The main task of the assessment team was to analyse the capacity of the national transport fleet to cater for the three phases of recovery and the normal national transport requirements. The initial concept was to utilise the top down approach in the collection of data in order to produce a comprehensive assessment of the transport capabilities in Sri Lanka.
Initially the Terms of Reference seemed reasonable and attainable within the time frame envisaged. With the benefit of hindsight it is now clear that the terms of reference did not consider the limitations and complexity of the government structures in Sri Lanka. In view of this, consideration should be given to including a UN member with local knowledge or Sri Lankan national on the assessment team. No consideration was given to the political or military situation in the country. The LTTE problem will also have a major influence on the future of this country.
Three critical factors will determine the requirement for transport in the rebuilding of Sri Lanka. They are timescale, materials and labour. In order to conduct a statistical assessment it is essential to know the tonnage to be moved and the timescale for repair and reconstruction. These two crucial factors are still not available. It is now generally accepted that the relief and reconstruction will take place over a minimum of three years.
The Centre for National Operations (CNO) was established on the 29th of December 2004 and was disbanded on 4 Feb 05. TAFREN, the Task Force for Rebuilding the Nation, is one of the two task forces set up by the President.
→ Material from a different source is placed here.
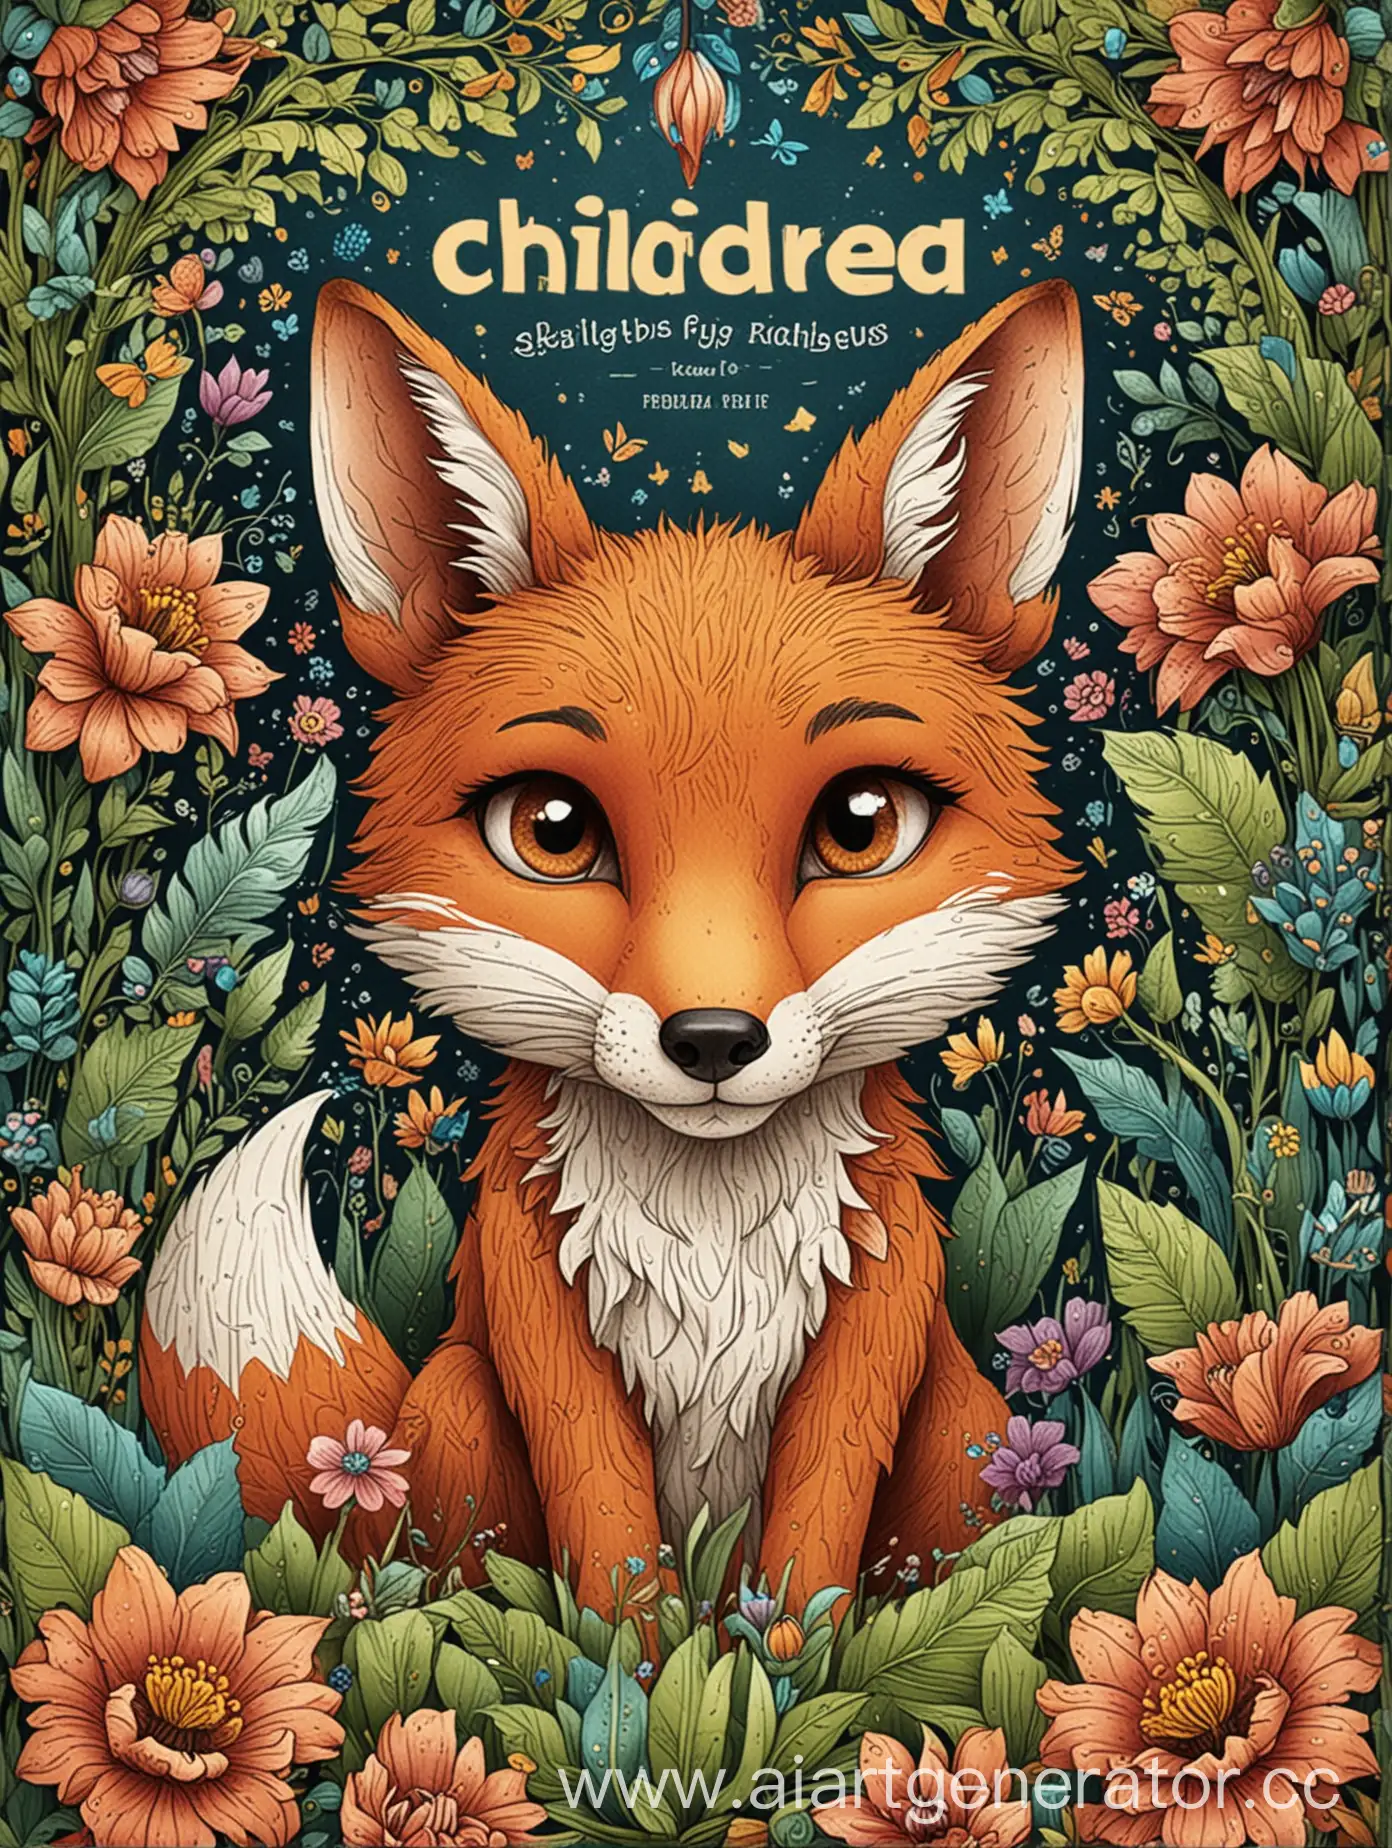 Create a coloring book cover for children. In the center of the cover should be an image of a little fox with big eyes and a playful facial expression. Around the fox, there should be intricate patterns and elements suitable for coloring, such as flowers, trees, butterflies, and rainbows. The background of the cover should be minimalist. The title of the book "Coloring Book for Children" should be written in large and attractive font at the top of the cover.

A meeting was held on Thurs 17 Feb with The Government Task Force to Rebuild the Nation (TAFREN). This was the first and only meeting held between UNJLC and TAFREN and was held in TAFREN offices in Colombo. It was admitted that TAFREN had NOT considered any of the transport issues when drafting the National Rebuilding Action Plan. The Government Plan has not been received as of 8 Mar 05. The Government has announced that it will present its final reconstruction plan on March 15.
Individuals or very small companies with less than five trucks own the vast majority of the cargo transport fleet in this country. Without centralised records it is almost impossible to quantify the national transport fleet. The present cost of transport is acceptable, however it is anticipated that prices will rise as demand for transport increases.
The total vehicle population figures received from the Dept of Transport are deemed to be unreliable. A government spokesman confirmed this fact.
The damage to the road network caused by the recent tsunami was concentrated on the East, South and Northern coasts. Much of this damage has been repaired to allow traffic to flow again. Many of the repairs are of a temporary nature and require upgrading on a permanent basis.
The general rail infrastructure is in serious need of rehabilitation. The problems faced by Sri Lanka Rail are many, including an insufficient number and poor performance of the rolling stock, decaying and weak rail track, an out-dated centralised traffic control and communications system and poor worker productivity.
It is essential that maximum use be made of regional ports for the importation of building materials to cater for phases two and three of the National Rebuilding Plan. The concentration of all these goods into Colombo would possibly create a critical situation for the road and rail network due to the limited capacity of both networks. Road congestion and pollution are already at a critical level in Colombo.
There is also no major problem with storage capacity. In the coastal regions where warehouses were not available Rubb Halls and WiikHalls have or are being erected.
The present road conditions and especially the temporary bridges in particular restrict the use of heavy lift vehicles. Serious consideration should be given to upgrading the roads and bridges prior to utilising heavy vehicles during the reconstruction phase.
Detailed analysis and planning is required by a Government Task Force to ensure adequate transport is available to support their rebuilding Plan. Any shortfall of transport assets must be identified in time. The extended use of sea and rail to distribute cargo must also be considered.
The age, mechanical condition and configuration of the national commercial transport fleet are matters for concern. The condition of these vehicles would not be acceptable in most European countries. However these vehicles are still operational. Direct donations of vehicles to the government should be considered to increase and modernise the transport fleet. Soft loans, tax incentives and other mechanisms could be introduced to encourage the private transport sector to update their vehicles and increase their fleet size.
This assessment did not consider in detail the political situation in Sri Lanka. Sri Lanka recently celebrated the 3rd anniversary of the cease-fire, however the recent war has left many problems in this country particularly in the North and East.
Generally, no shortage of transport was noted in the country. Approximately 50% of the cargo transport fleet was fully utilised prior to the tsunami. Since then the usage has only increased by a small percentage and there is still excess capacity. In conclusion the slow response from Government and the absence of urgency to deal with the Tsunami damage may result in a prolonged recovery phase. It is generally accepted that the current transport fleet, with minor adjustments and natural replacements will be capable of supporting the National Rebuilding Plan.